Ethereum and the aggregated crypto markets have incurred a decent amount of buying pressure today which coincided closely with Bitcoin’s rapid surge into the upper $11,000 price region.
This price surge marks an extension of the choppy price action that the markets have incurred over the past several days, and analysts are now noting that Ethereum may be posed for significantly further gains in the near-term due to the aggressive buying pressure that is underlying its latest move up.
At the time of writing, Ethereum is trading up over 3% at its current price of $308, up significantly from its daily lows of $293.
ETH’s latest move up has allowed it to climb to fresh weekly highs, although it is still down significantly from its one-month highs of $353 that were set in late-June when Bitcoin parabolically surged to $13,800.
Ethereum’s price surge today has been driven by an influx of buying pressure, which is reflected in its 24-hour volume, which has risen from recent lows of $7 billion to its current levels of $9.3 billion.
Importantly, although ETH has experienced some positive price action today when denominated against USD, it is currently trading down over 1% against its BTC trading pair, and one analyst believes that this could signal where it is going next.
Although Ethereum’s BTC trading pair may spell trouble for its near-term price action, another popular figure within the cryptocurrency markets is quick to note that ETH has been incurring aggressive buying pressure in recent times.

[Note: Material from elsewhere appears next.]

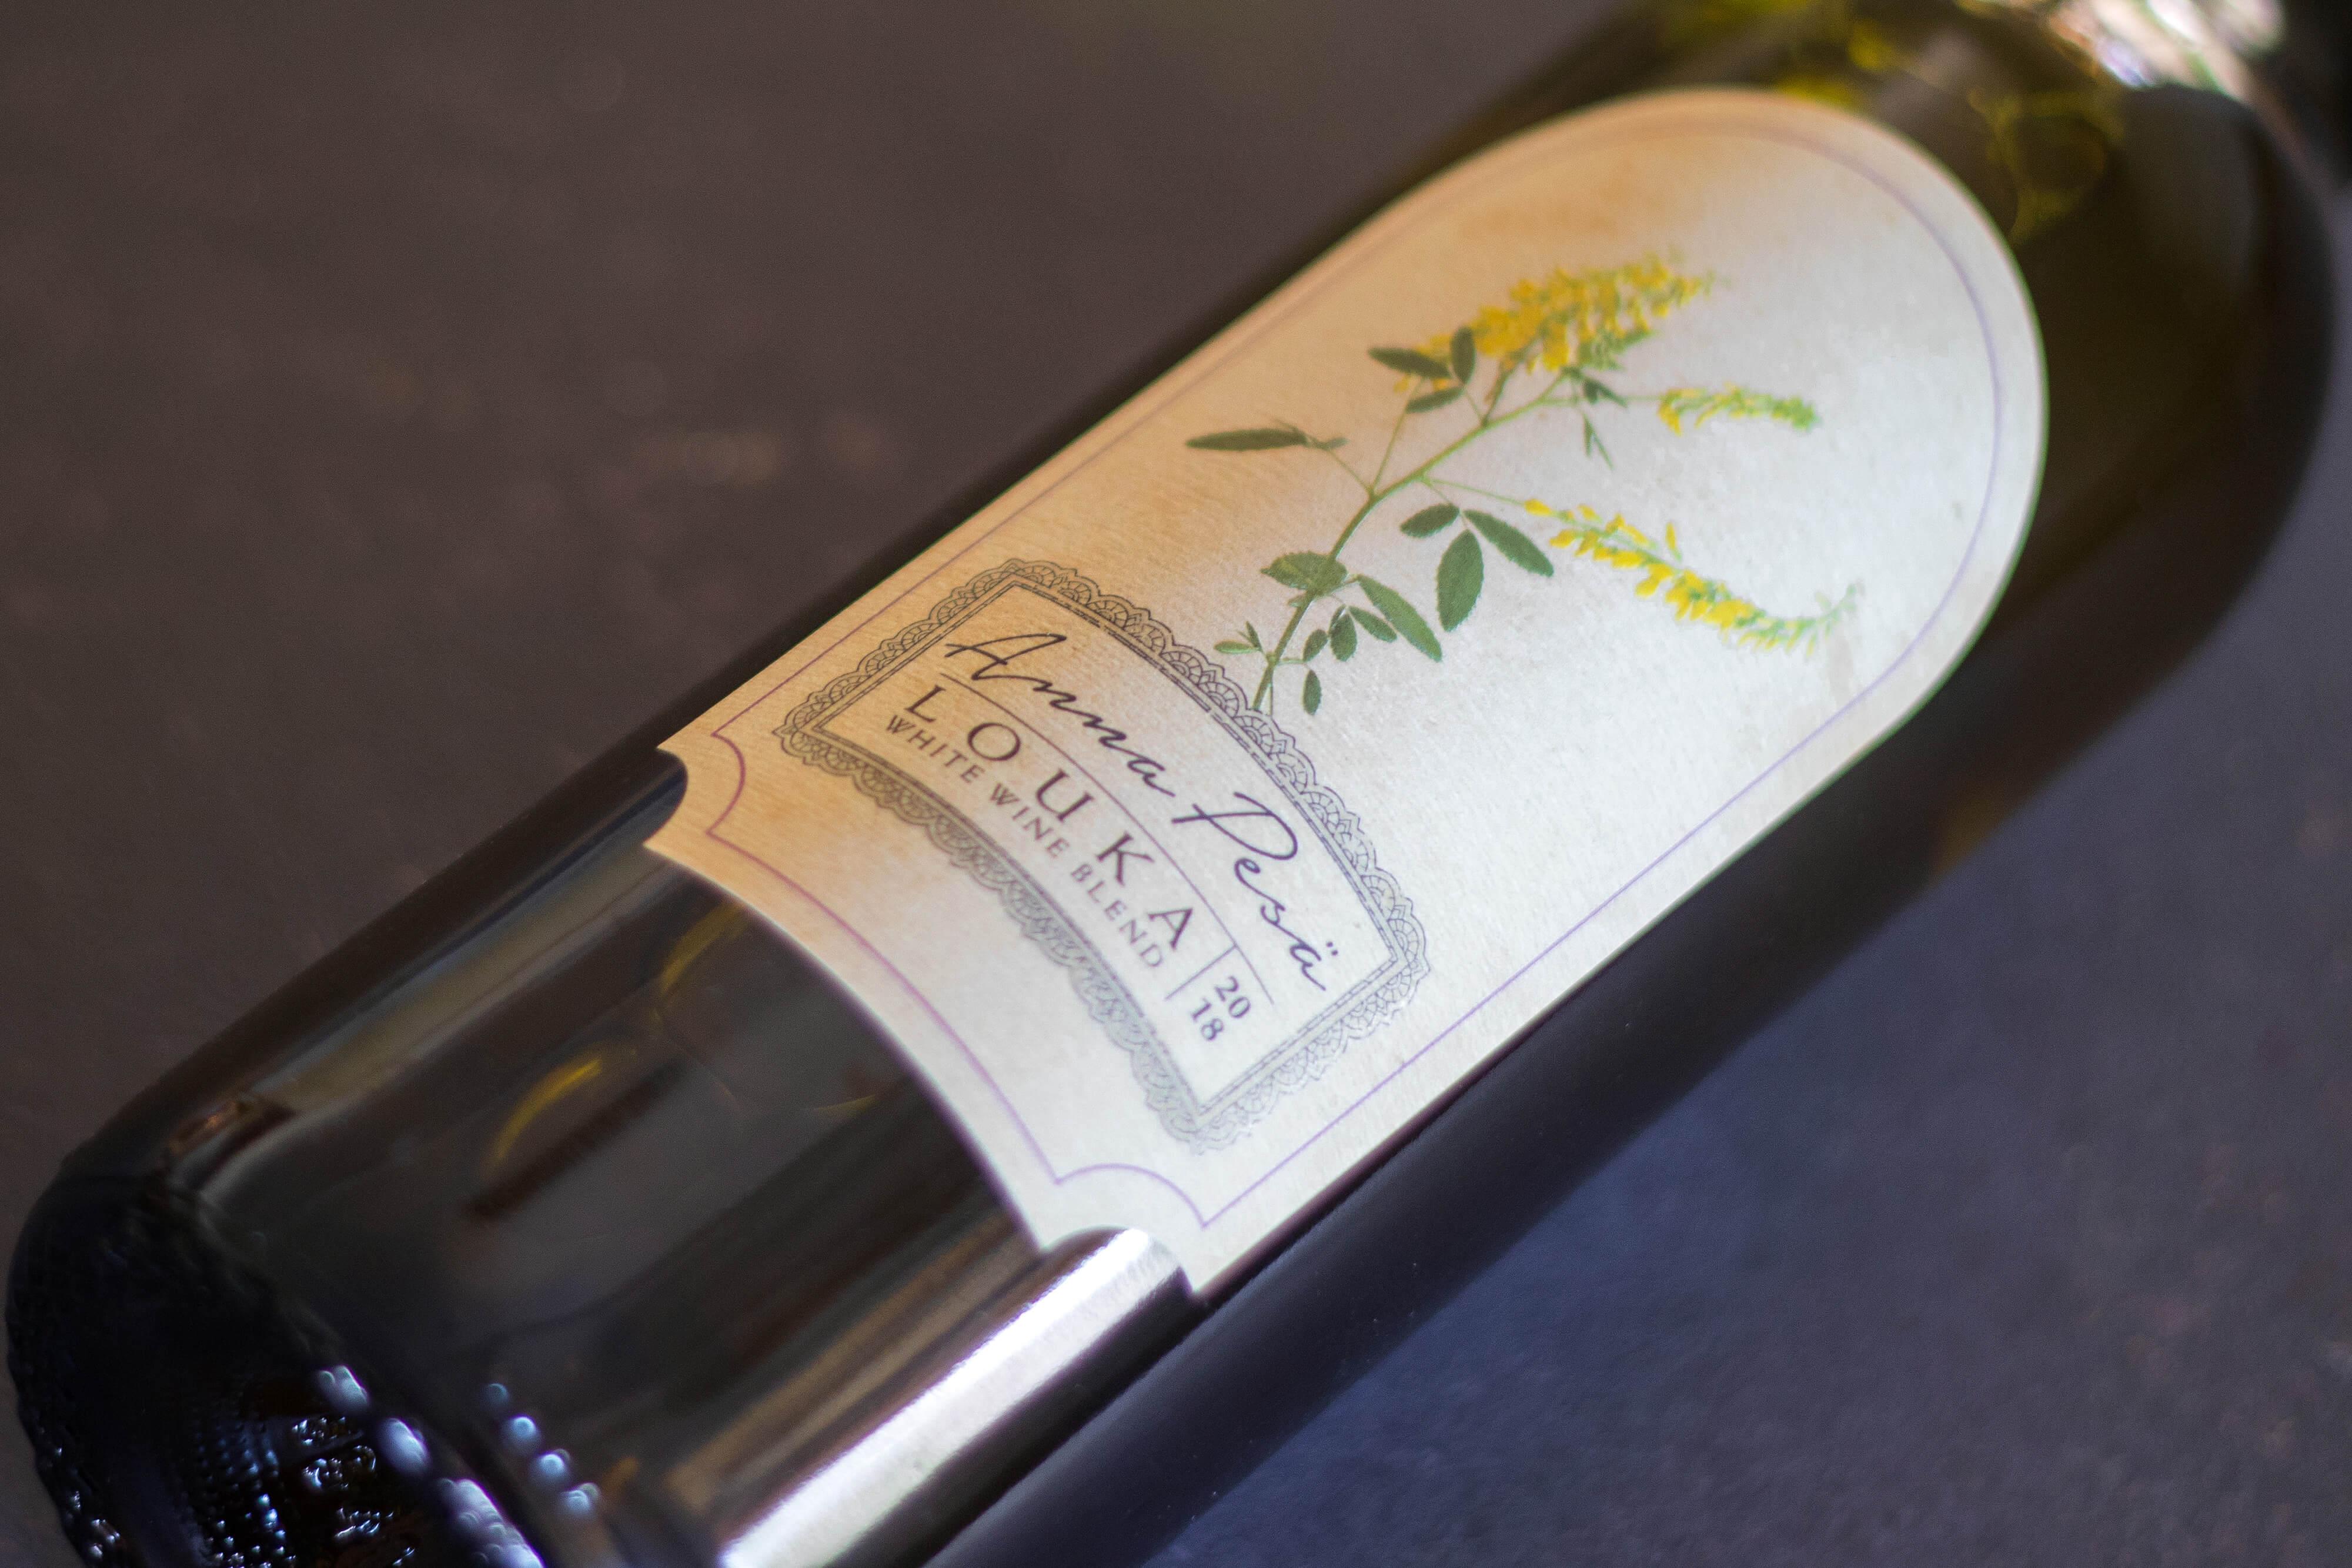 A bottle of Anna Pesä Louka 2018, a blended dry white wine
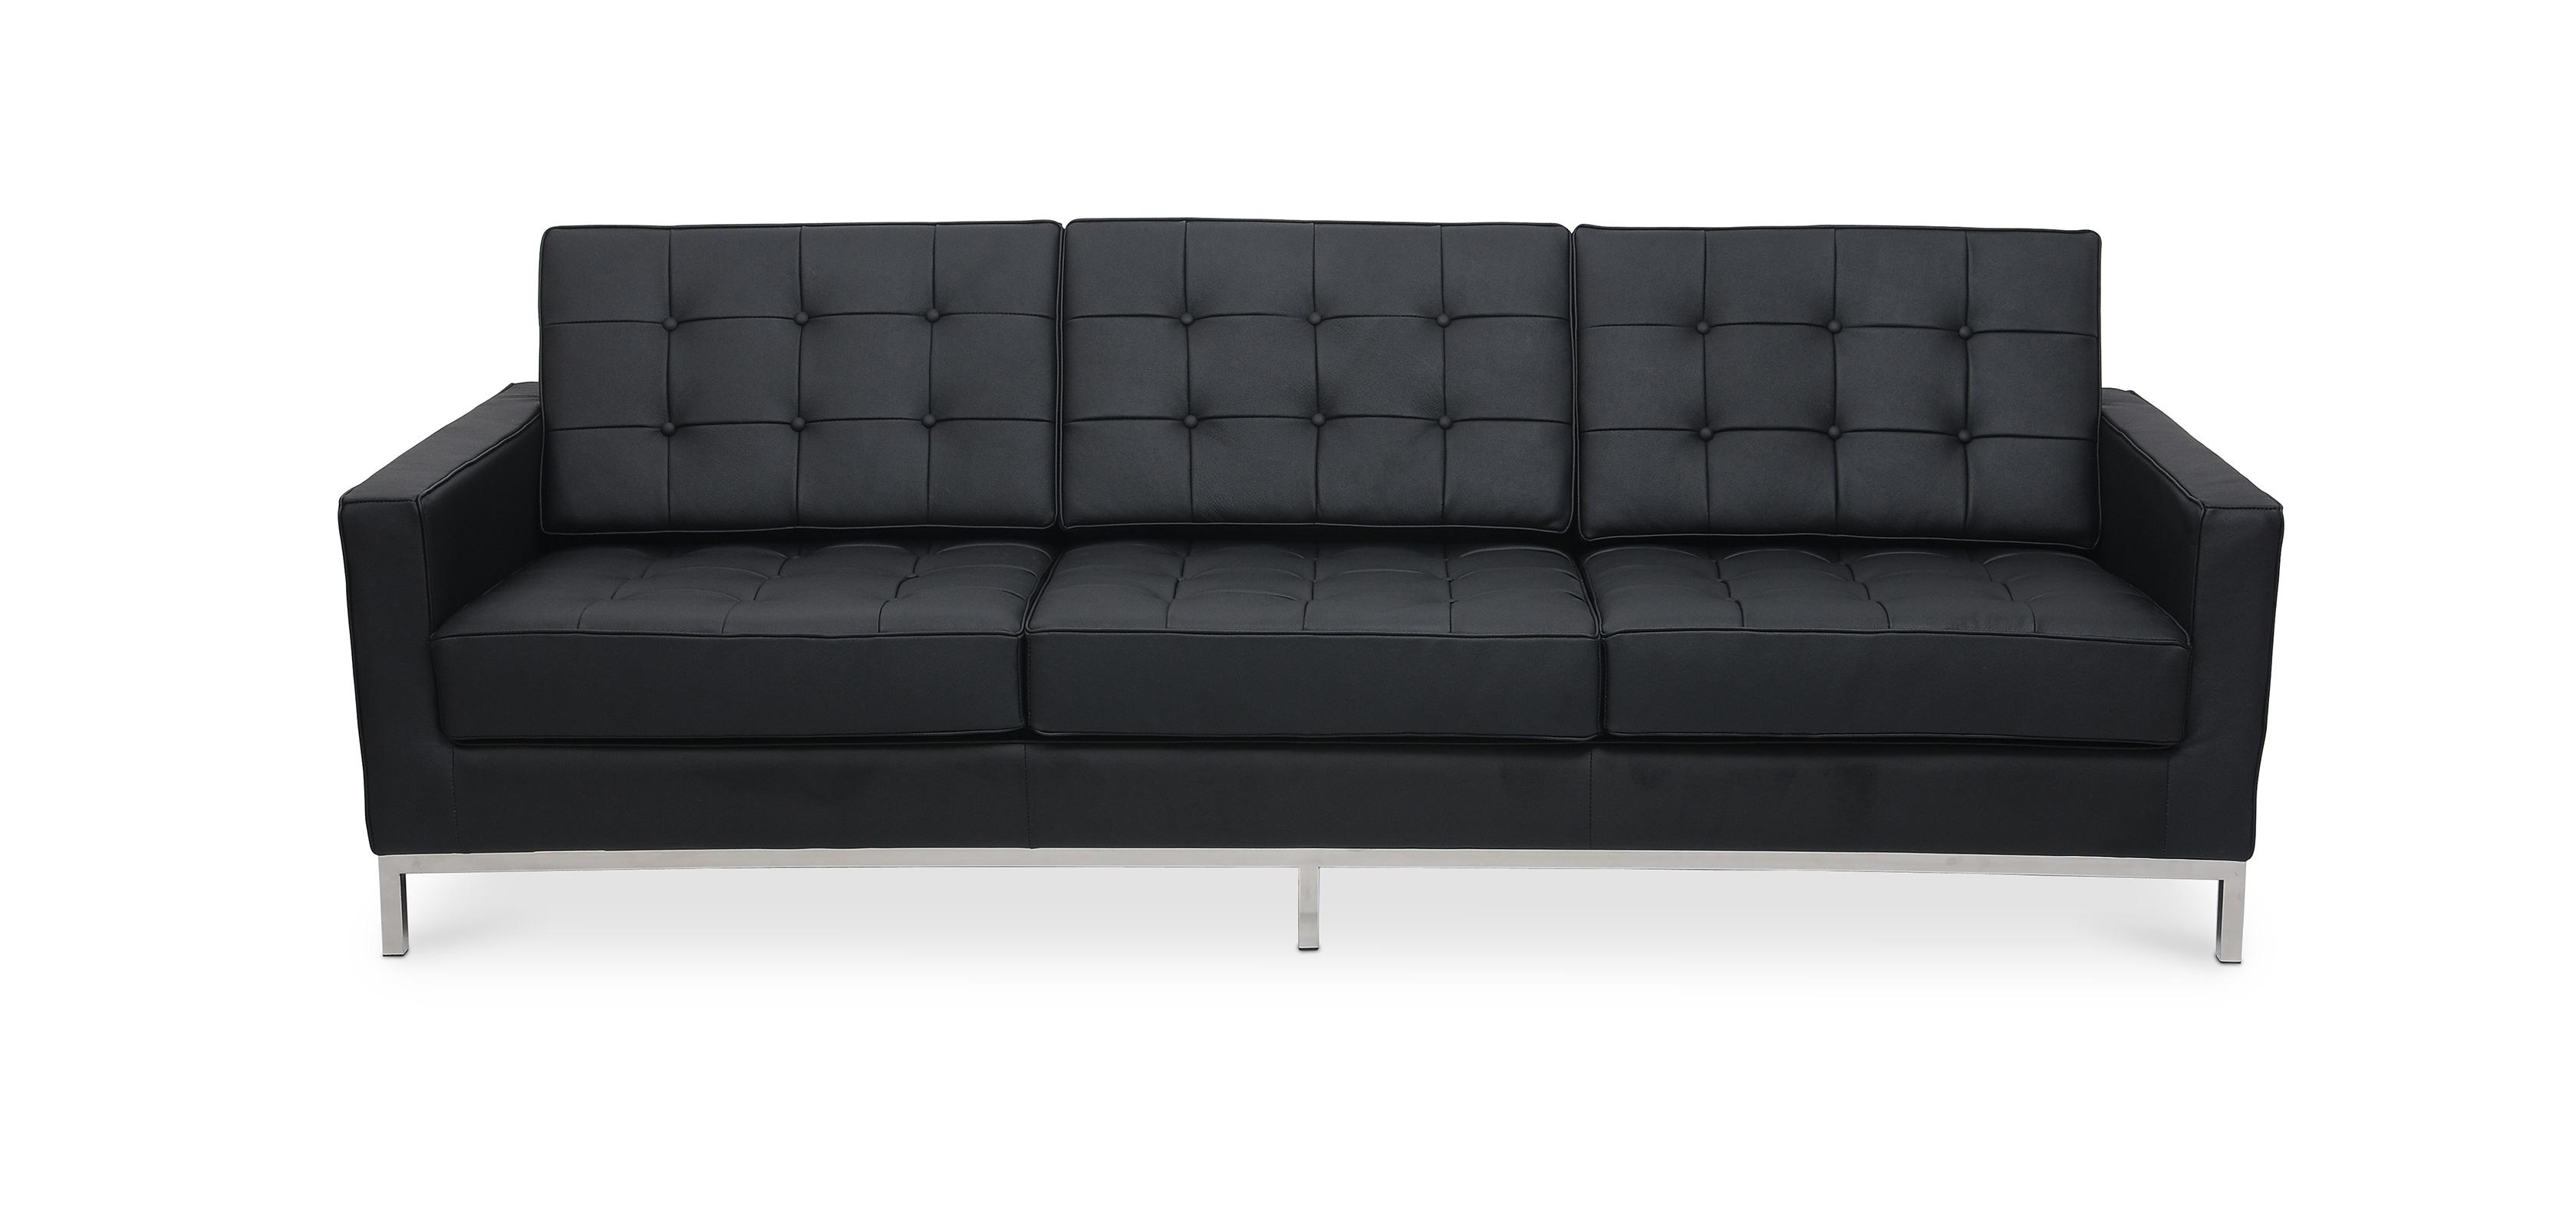 divano florence knoll 3 posti pelle. Black Bedroom Furniture Sets. Home Design Ideas

Su Zhu, another popular analyst on Twitter, explained that most funds were previously underweight in Ethereum, which may be the root cause behind the recent influx of buying pressure.
“$ETH for the last week is the most aggressively upward-moving large-cap alt. I’ve seen some ppl tweet that this means there will be an alt szn, but I think most alts will continue to underperform in ETH terms. Speaking across the fund manager space, everyone is underwgt ETH,” he explained in a recent tweet.